BEGIN Exercise materials

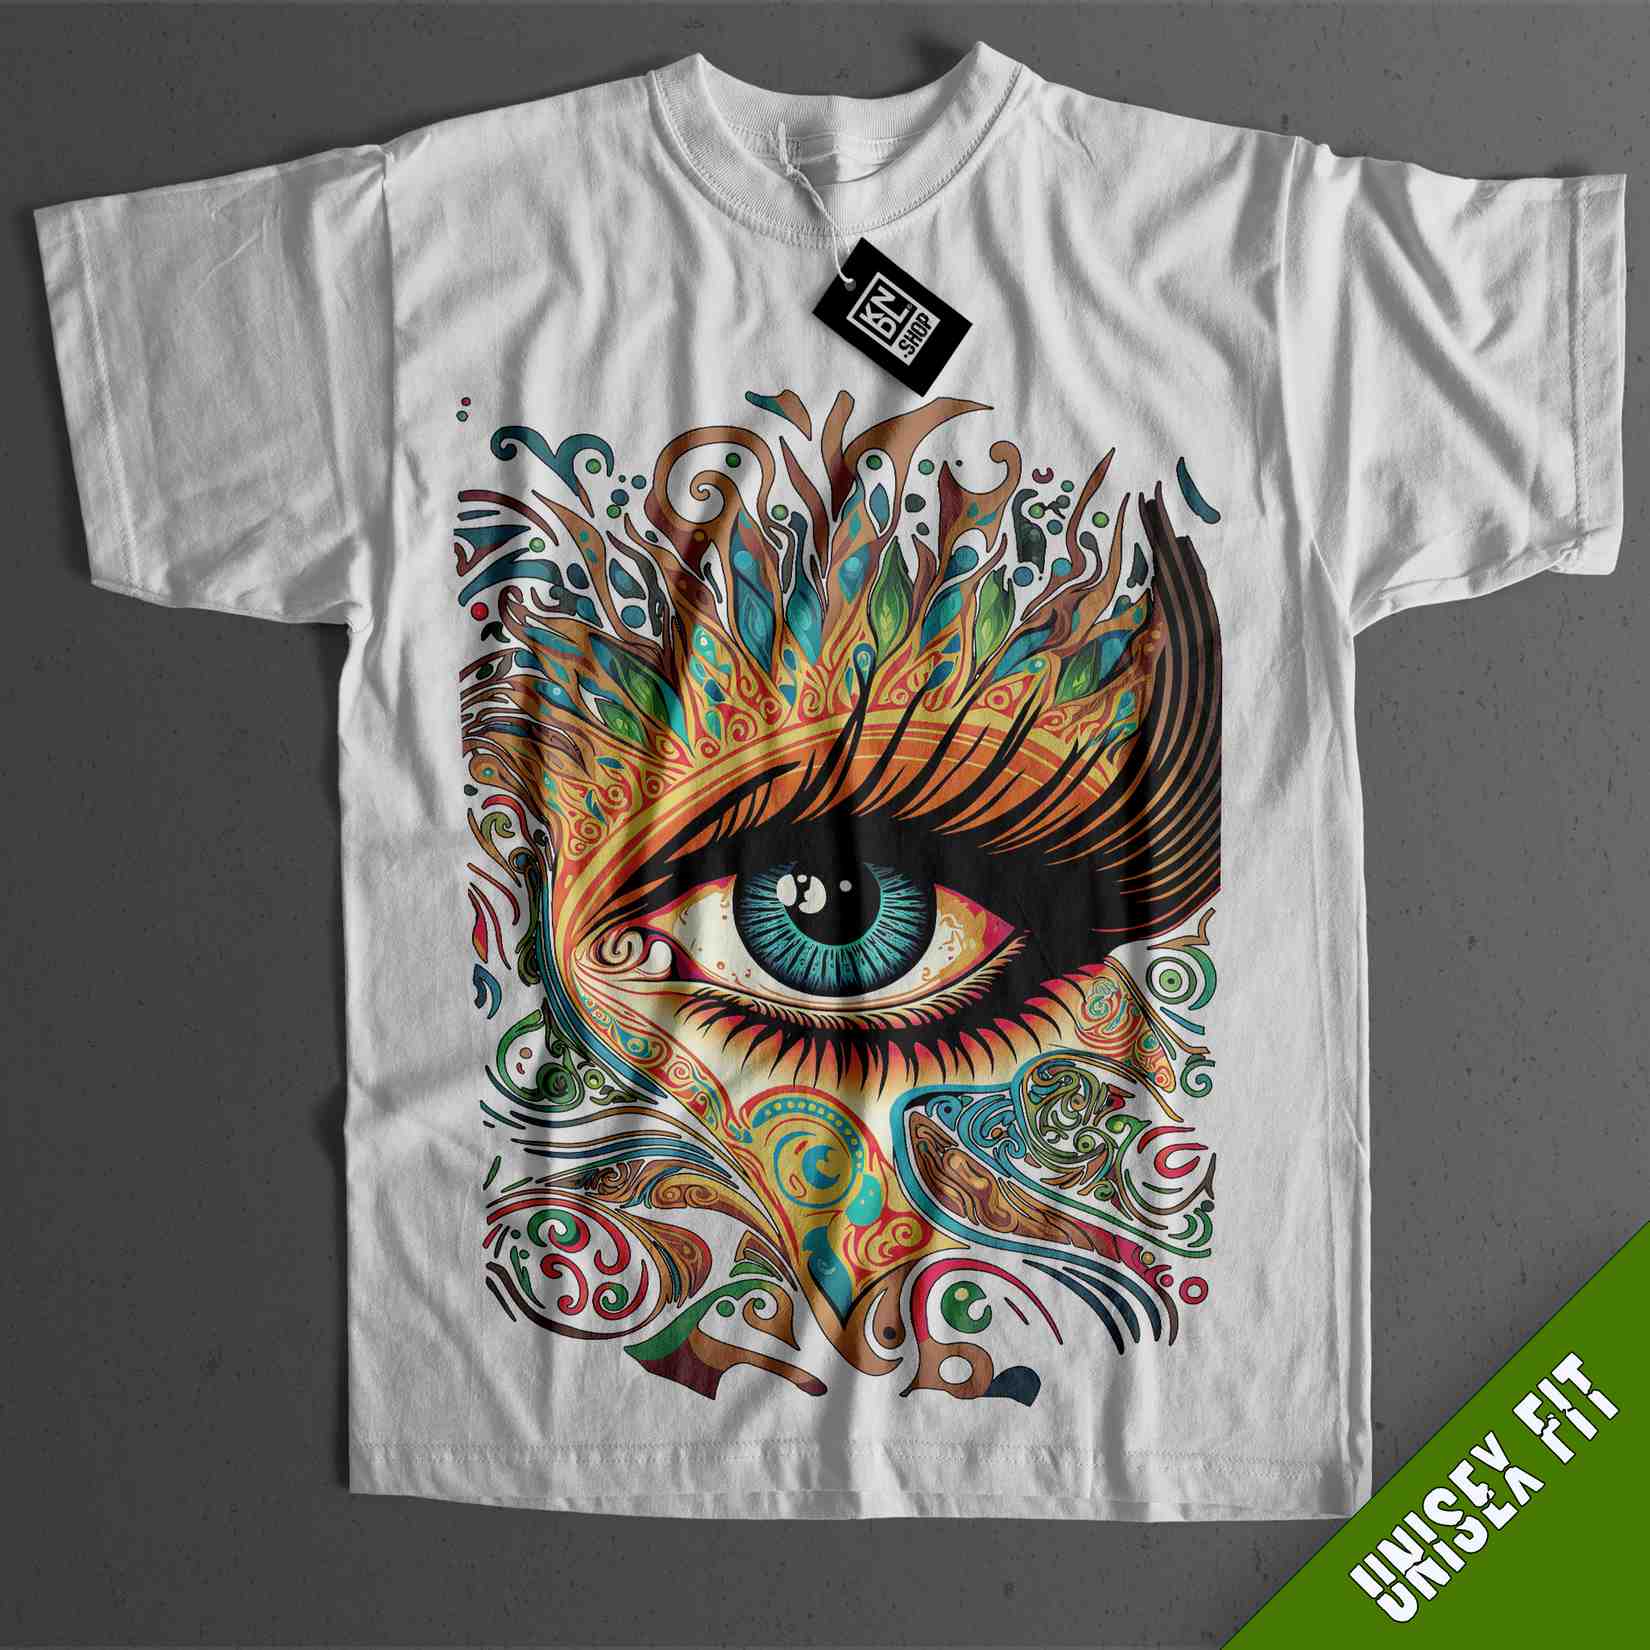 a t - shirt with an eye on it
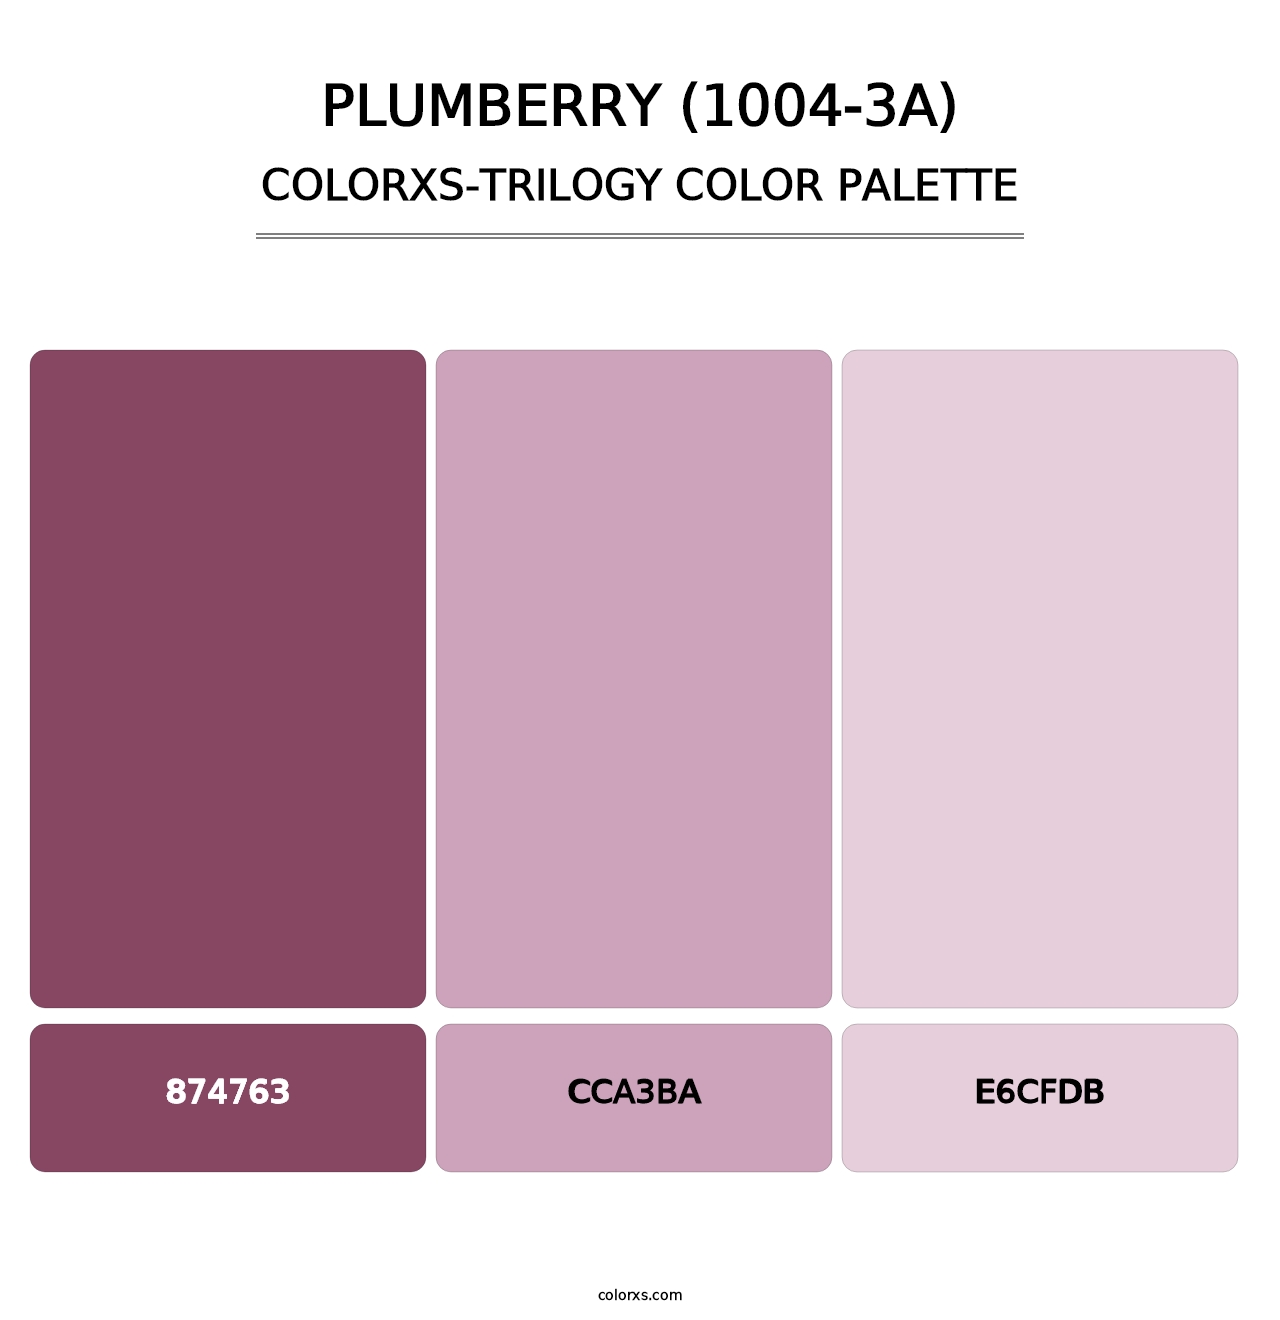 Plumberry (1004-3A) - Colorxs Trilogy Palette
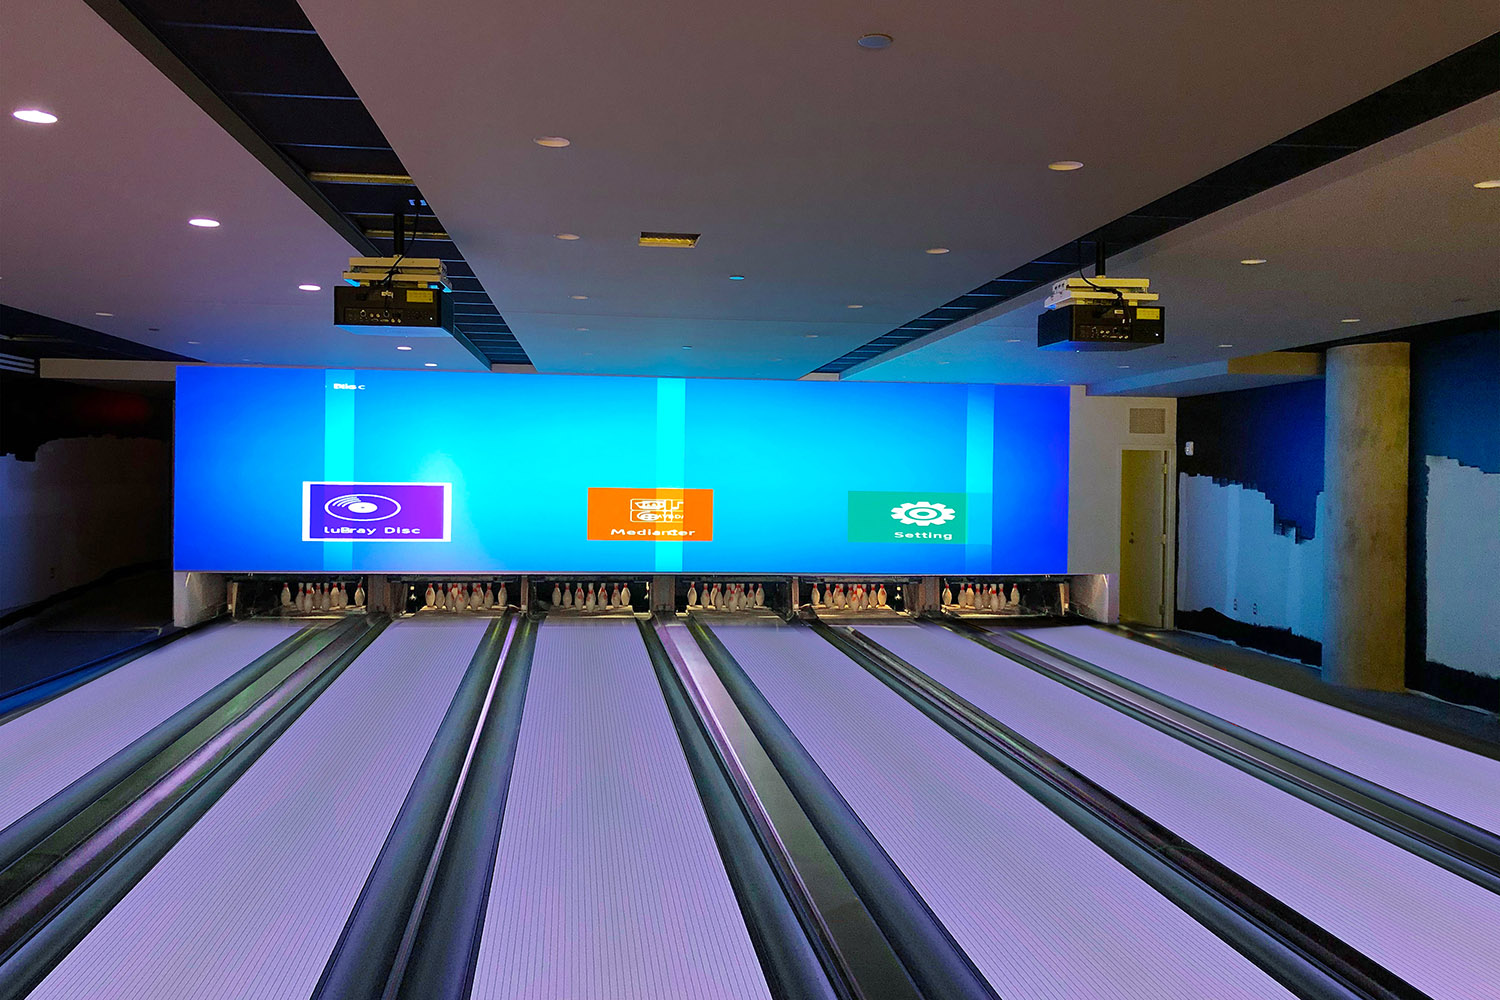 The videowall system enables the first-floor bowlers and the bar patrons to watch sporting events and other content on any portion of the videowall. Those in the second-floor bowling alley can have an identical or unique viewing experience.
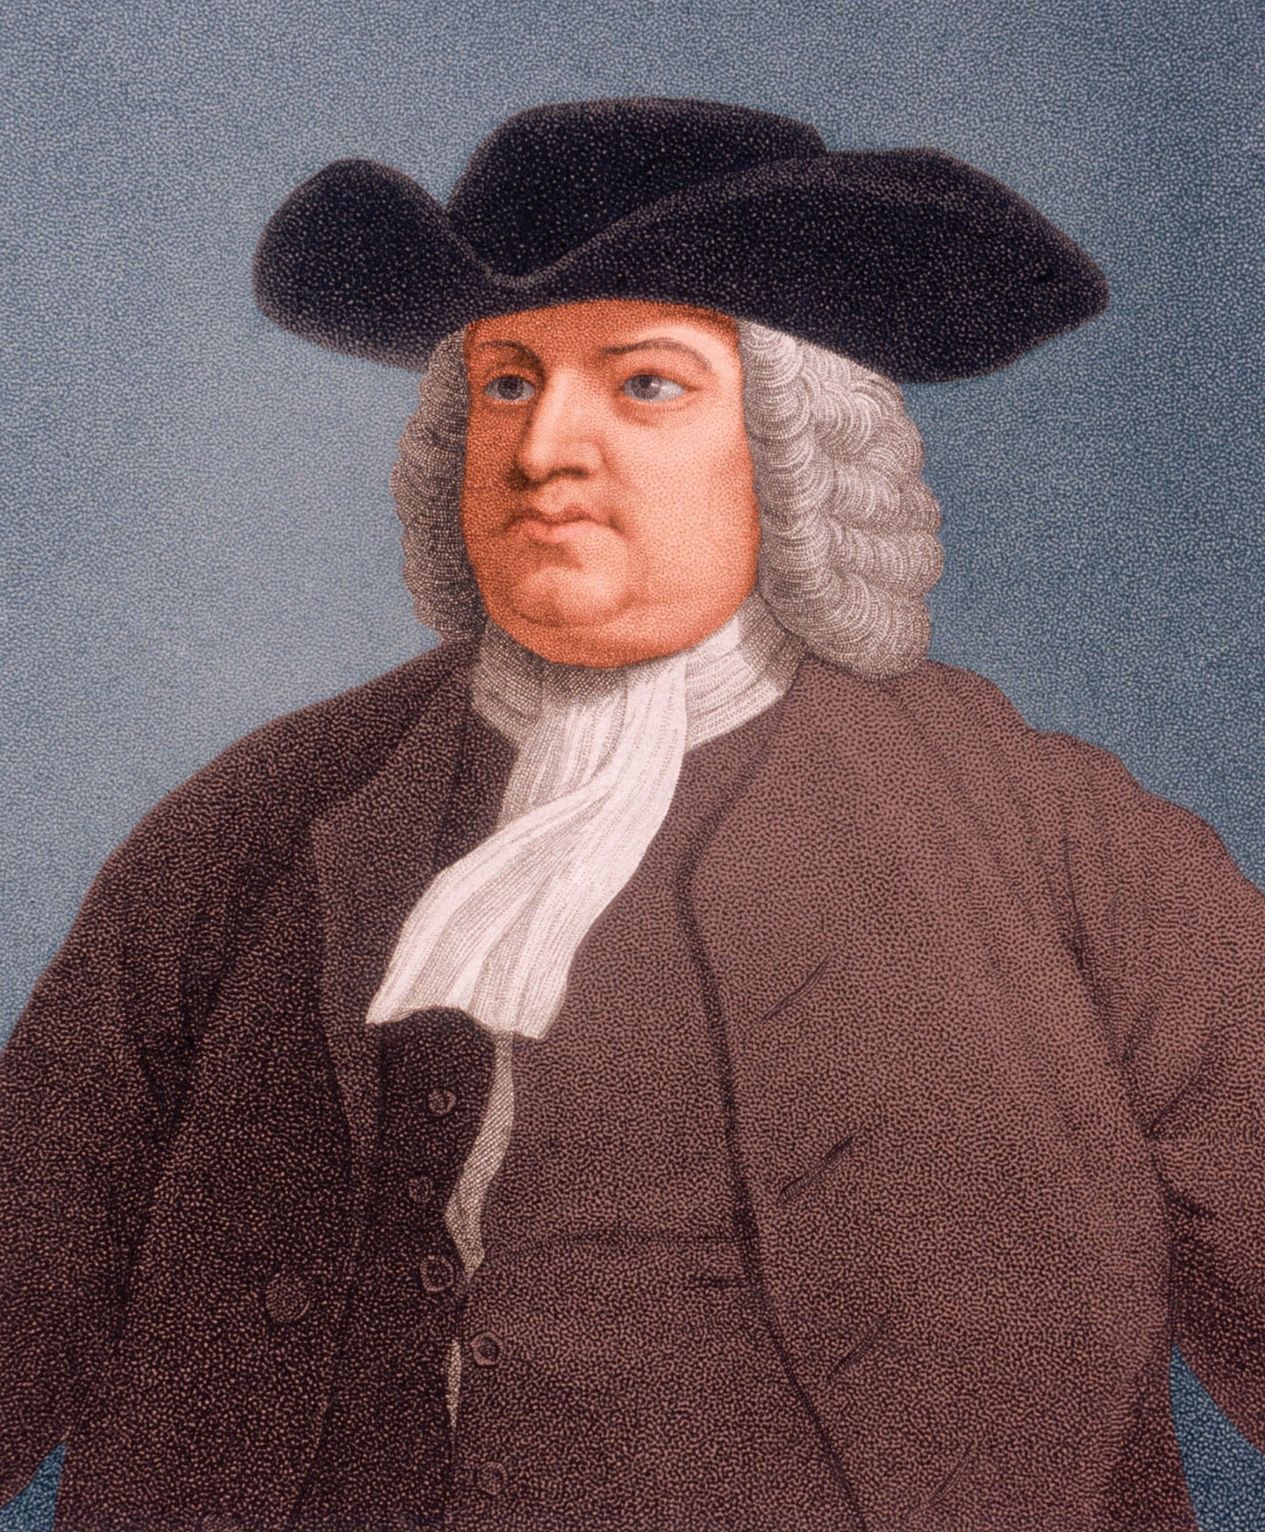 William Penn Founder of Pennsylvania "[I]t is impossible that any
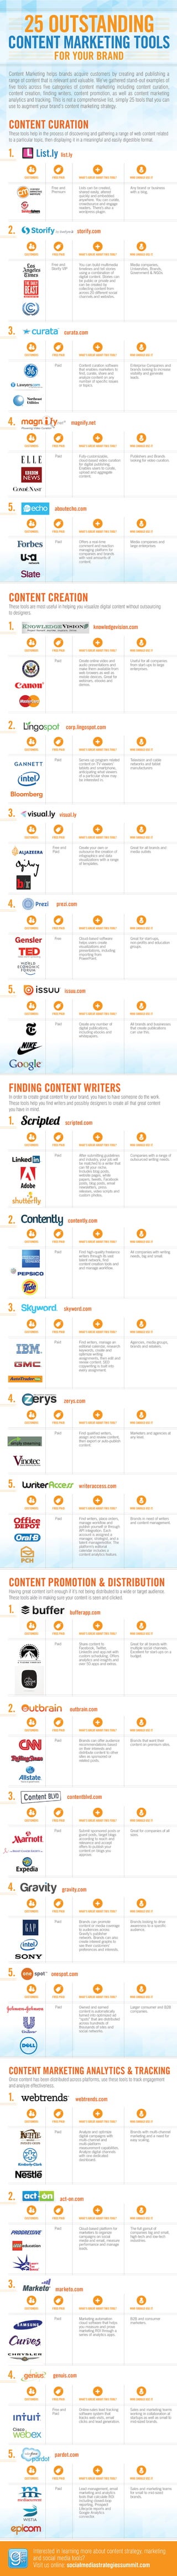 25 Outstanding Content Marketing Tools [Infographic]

END Exercise materials

Activity: All of the entries need to be retyped word for word, pictures excluded.

Your solution:
 a t - shirt with an eye on it
 Plumberry (1004-3A) - Colorxs Trilogy Palette
 The videowall system enables the first-floor bowlers and the bar patrons to watch sporting events and other content on any portion of the videowall. Those in the second-floor bowling alley can have an identical or unique viewing experience.
 William Penn Founder of Pennsylvania "[I]t is impossible that any
 25 Outstanding Content Marketing Tools [Infographic]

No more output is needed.